Models larger than a single GPU's memory require distributed training. Fully Sharded Data Parallelism (FSDP) shards model parameters, gradients, and optimizer states across GPUs. Each GPU holds only a fraction of the model. During forward/backward, parameters are gathered just-in-time and resharded after use. This enables training a 7B model on 8× A100 GPUs.

python
import torch
from torch.distributed.fsdp import FullyShardedDataParallel as FSDP
from torch.distributed.fsdp import ShardingStrategy

def setup_training(model, rank, world_size):
    """Set up FSDP distributed training."""
    torch.distributed.init_process_group("nccl", rank=rank, world_size=world_size)
    torch.cuda.set_device(rank)

    # Wrap model with FSDP
    model = FSDP(
        model.cuda(rank),
        sharding_strategy=ShardingStrategy.FULL_SHARD,  # Shard everything
        mixed_precision=MixedPrecision(
            param_dtype=torch.bfloat16,
            reduce_dtype=torch.bfloat16,
            buffer_dtype=torch.bfloat16,
        ),
        auto_wrap_policy=transformer_auto_wrap_policy,  # Wrap each transformer block
        device_id=rank,
    )

    optimizer = torch.optim.AdamW(
        model.parameters(),
        lr=3e-4, betas=(0.9, 0.95), weight_decay=0.1,
    )

    return model, optimizer


# Training loop
def train_step(model, batch, optimizer, grad_clip=1.0):
    input_ids = batch["input_ids"].cuda()
    labels = batch["labels"].cuda()

    outputs = model(input_ids)
    loss = F.cross_entropy(
        outputs.view(-1, outputs.size(-1)),
        labels.view(-1),
    )

    loss.backward()
    torch.nn.utils.clip_grad_norm_(model.parameters(), grad_clip)
    optimizer.step()
    optimizer.zero_grad()

    return loss.item()

Pretraining compute estimate: A 1.4B model on 30B tokens takes ~1,000 A100-hours (~$2K on cloud).
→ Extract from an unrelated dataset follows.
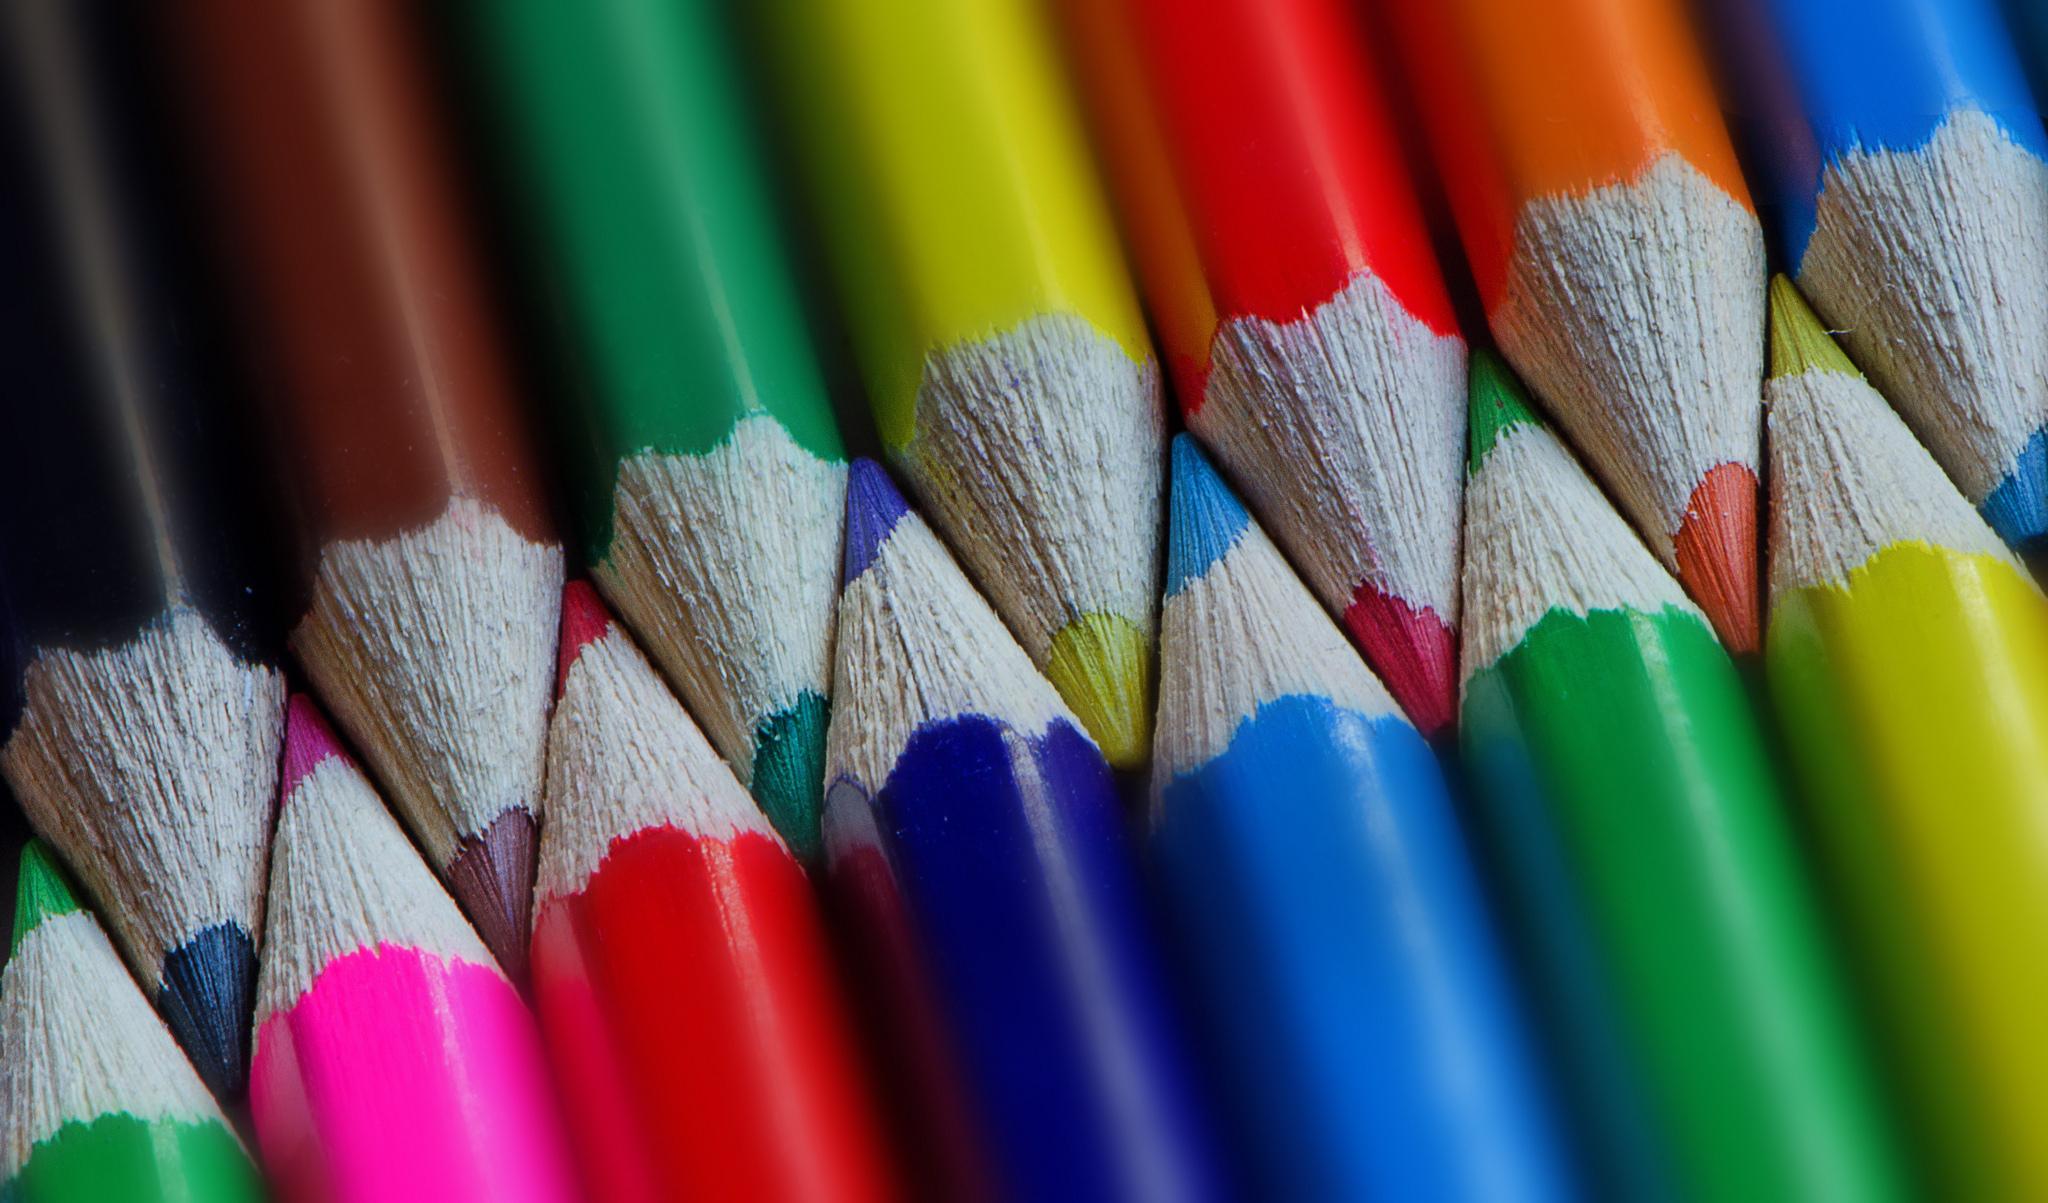 Картинки карандашей на рабочий стол

A 7B model on 1T tokens takes ~30,000 A100-hours (~$60K). A 70B model on 15T tokens takes ~1.7M A100-hours (~$3.4M). Scaling laws help predict performance before committing resources.

Learning Rate Schedule

Pretraining uses a warmup + cosine decay schedule. Warmup prevents early instability when gradients are large and noisy. Cosine decay smoothly reduces learning rate to 10% of peak. The peak learning rate scales with batch size and model size — too high causes loss spikes, too low wastes compute.

python
import math

def cosine_lr_schedule(step: int, warmup_steps: int, total_steps: int,
                       max_lr: float, min_lr: float) -> float:
    """Cosine learning rate schedule with linear warmup."""
    if step < warmup_steps:
        # Linear warmup
        return max_lr * step / warmup_steps
    elif step < total_steps:
        # Cosine decay
        progress = (step - warmup_steps) / (total_steps - warmup_steps)
        return min_lr + 0.5 * (max_lr - min_lr) * (1 + math.cos(math.pi * progress))
    else:
        return min_lr

# Typical schedule for a 7B model:
# max_lr = 3e-4, min_lr = 3e-5, warmup = 2000 steps, total = 100K steps

Key lessons from pretraining at scale: (1) Data deduplication is critical — duplicates cause memorization and hurt generalization. (2) Loss spikes happen — checkpoint frequently and be ready to roll back. (3) Evaluate continuously during training, not just at the end. (4) Infrastructure reliability matters — a 30-day run that fails at day 25 is catastrophic.